Saturday, January 13, 2007

Marriage test

This is another interesting test given out by my teacher. I'm not sure why am I in such a blogging spree regarding trivial tests. Hmmmm... must be the side-effect of Campbell. I've mugged 6 chapters for 18 hours straight. That's 3 hours per chapter on average. Ok... the marriage test:

Question: Imagine you're a taxi driver. The sign at the top of your car reads "vacant" in yellow colour. When a passenger gets in your car, the sign will change to "occupied". What colour will that "occupied" be?

A. white
B. orange
C. red
D. green

Pick the colour which comes to your mind.

[ok...some random pictures again. Below is taken during my band concert.]


[above is my chinese teacher. These tests are provided by her.]


Elaboration of test:
A. white
White is a very outstanding colour. You want your marriage to be the best, making people around you jealous or admire your happy marriage. You will work hard to make such wonderful marriage happen, however, your husband/wife may become pressurised by your prefectionism.

B. orange
Orange is the colour closest to yellow. You want your post-marriage life to be the same as pre-marriage life. You desire a strong sense of security. Marriage will not change you, however, your conservative nature may lead to a still marriage.

C. red
Red is to signal STOP. You become lethargic and lazy after marriage. You find marriage to be so comfortable that you go to a state of complete rest. Marriage will give you a strong sense of belonging, however, do put in some efforts sometimes.

D. green
Green is the most gentle colour. You'll be extra nice to your husband/wife after marriage. You treasure your life-partner to the fullest extent. However, being too nice may lead to a boring marriage. Inducing surprises at appropriate times are important as well.

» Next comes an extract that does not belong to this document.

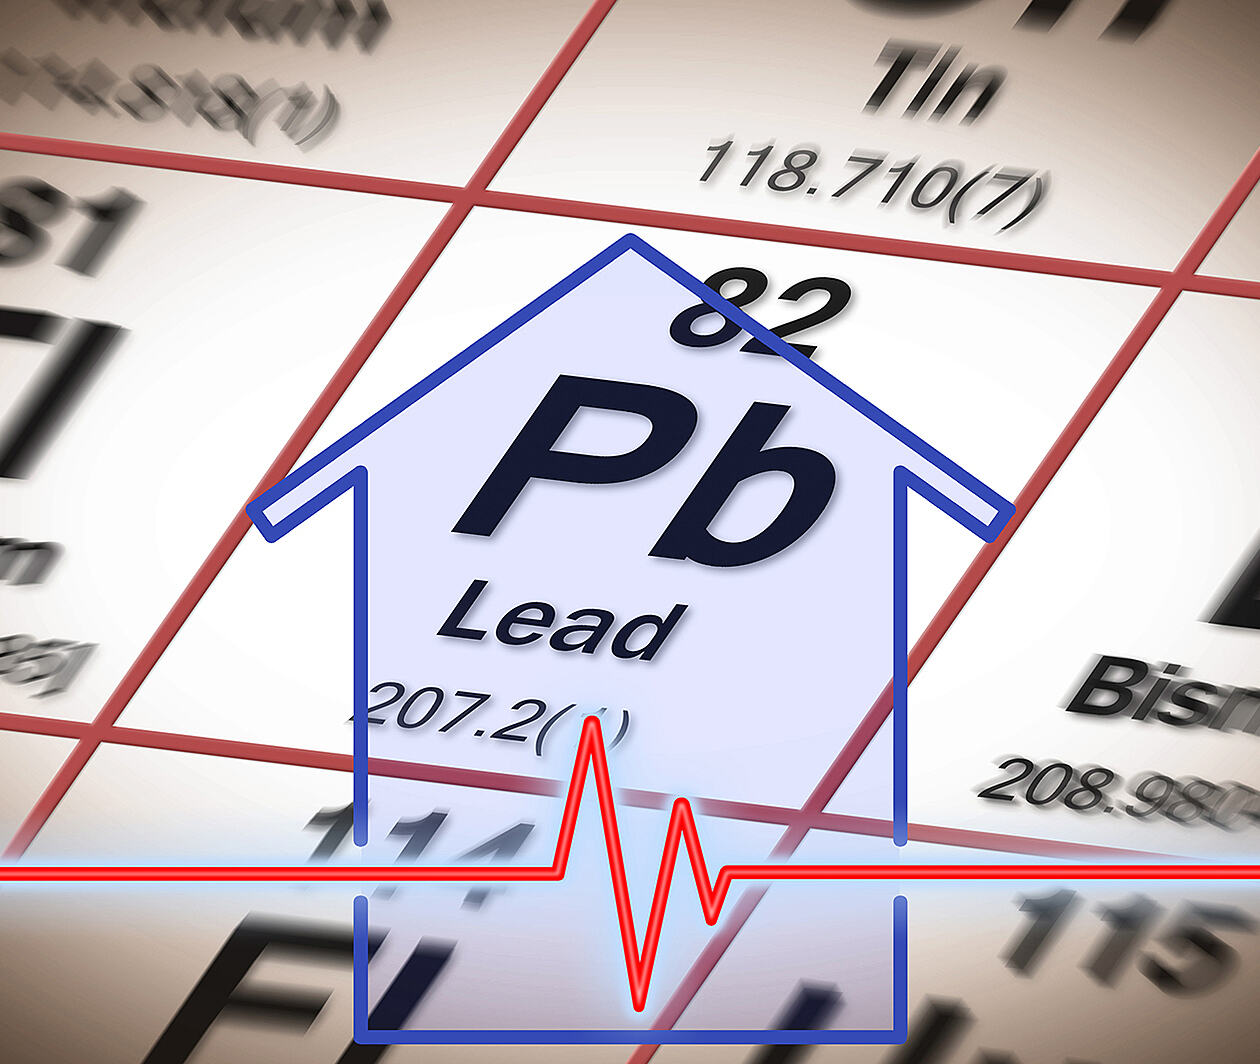 Public Health Incidents Involving Lead

Ok... going to drink Campbell soup again.

How do you choose your partner?

Recently, my teacher gave my class the test below regarding how you'd choose your soulmate. I find it very true. Shall share it with all of you =)

Question: When you go on a countryside vocation, what would you look for?

1. Calm snow
2. Breath-taking mountains
3. Smooth rivers
4. Steady trains
5. Beautiful flowers

Arrange your preferance from favourite to least favourite.
[I included some random pictures of my school compound below for fun =)]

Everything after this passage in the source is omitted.